M3: Stream Processing on Main-Memory MapReduce

Ahmed Aly, Purdue University
Asmaa Sallam
Bala Gnanasekaran
Long-Van Nguyen-Dinh
Walid G. Aref, Purdue University
Mourad Ouzzani, Purdue University
Arif Ghafoor, Purdue University

IEEE 28th International conference on Data Engineering, 2012

Abstract

The continuous growth of social web applications along with the development of sensor capabilities in electronic devices is creating countless opportunities to analyze the enormous amounts of data that is continuously steaming from these applications and devices. To process large scale data on large scale computing clusters, MapReduce has been introduced as a framework for parallel computing. However, most of the current implementations of the MapReduce framework support only the execution of fixed-input jobs.

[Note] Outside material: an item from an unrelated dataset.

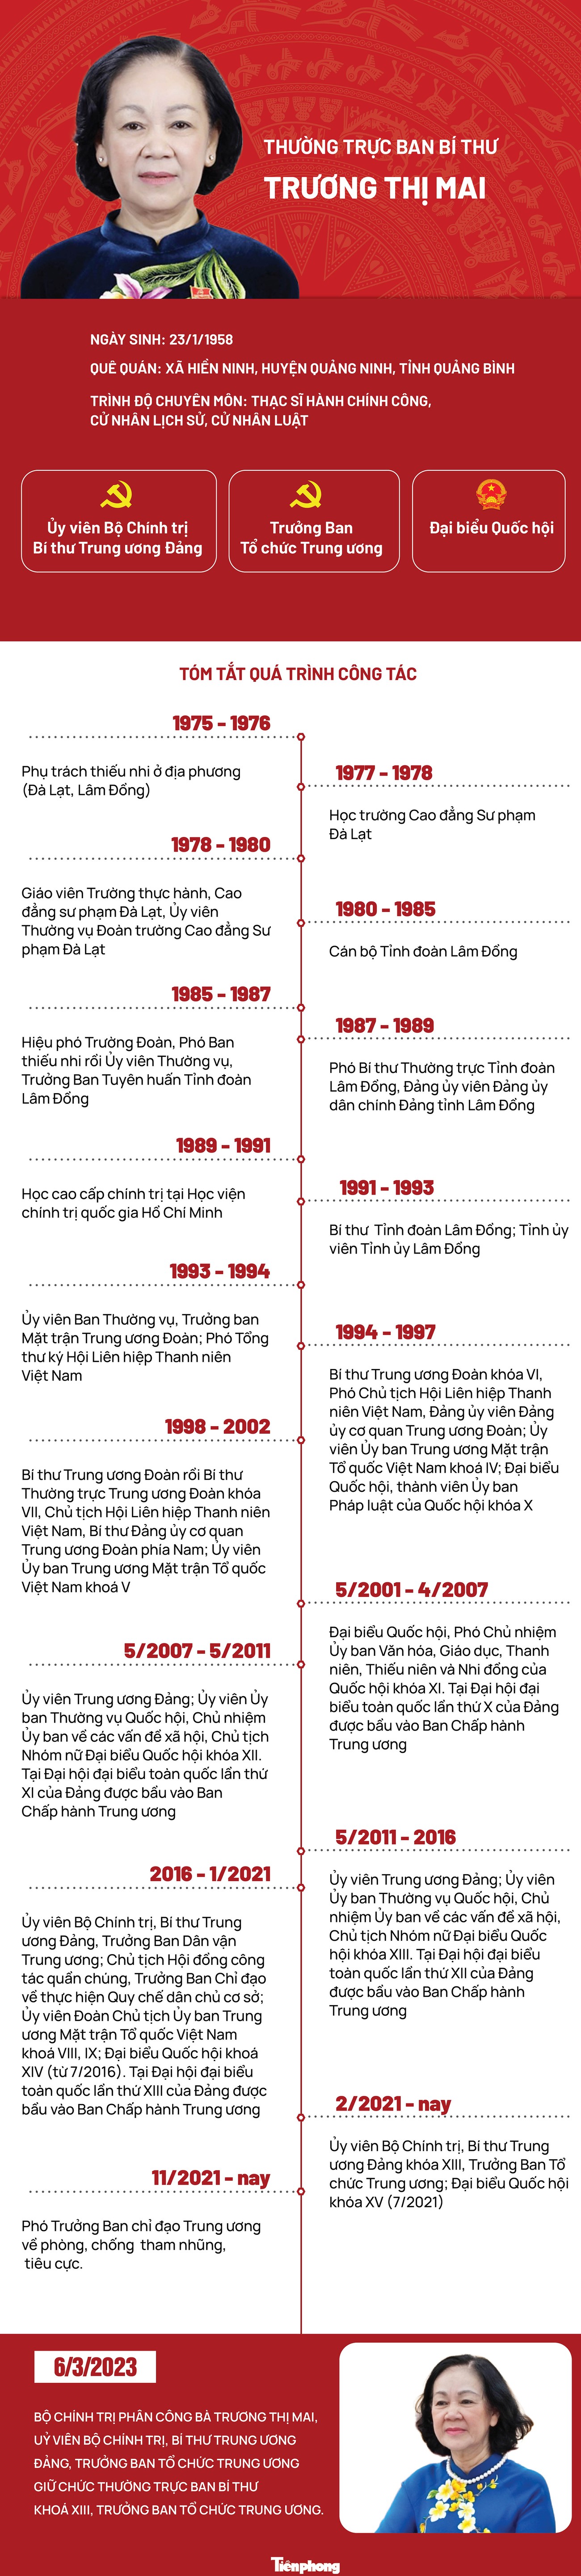 [Infographic] Chân dung Thường trực Ban Bí thư Trương Thị Mai - 1

Such restriction makes these implementations inapplicable for most streaming applications, in which queries are continuous in nature, and input data streams are continuously received at high arrival rates. In this demonstration, we showcase M$^3$, a prototype implementation of the MapReduce framework in which continuous queries over streams of data can be efficiently answered. M$^3$ extends Hadoop, the open source implementation of MapReduce, bypassing the Hadoop Distributed File System (HDFS) to support main-memory-only processing. Moreover, M$^3$ supports continuous execution of the Map and Reduce phases where individual Mappers and Reducers never terminate.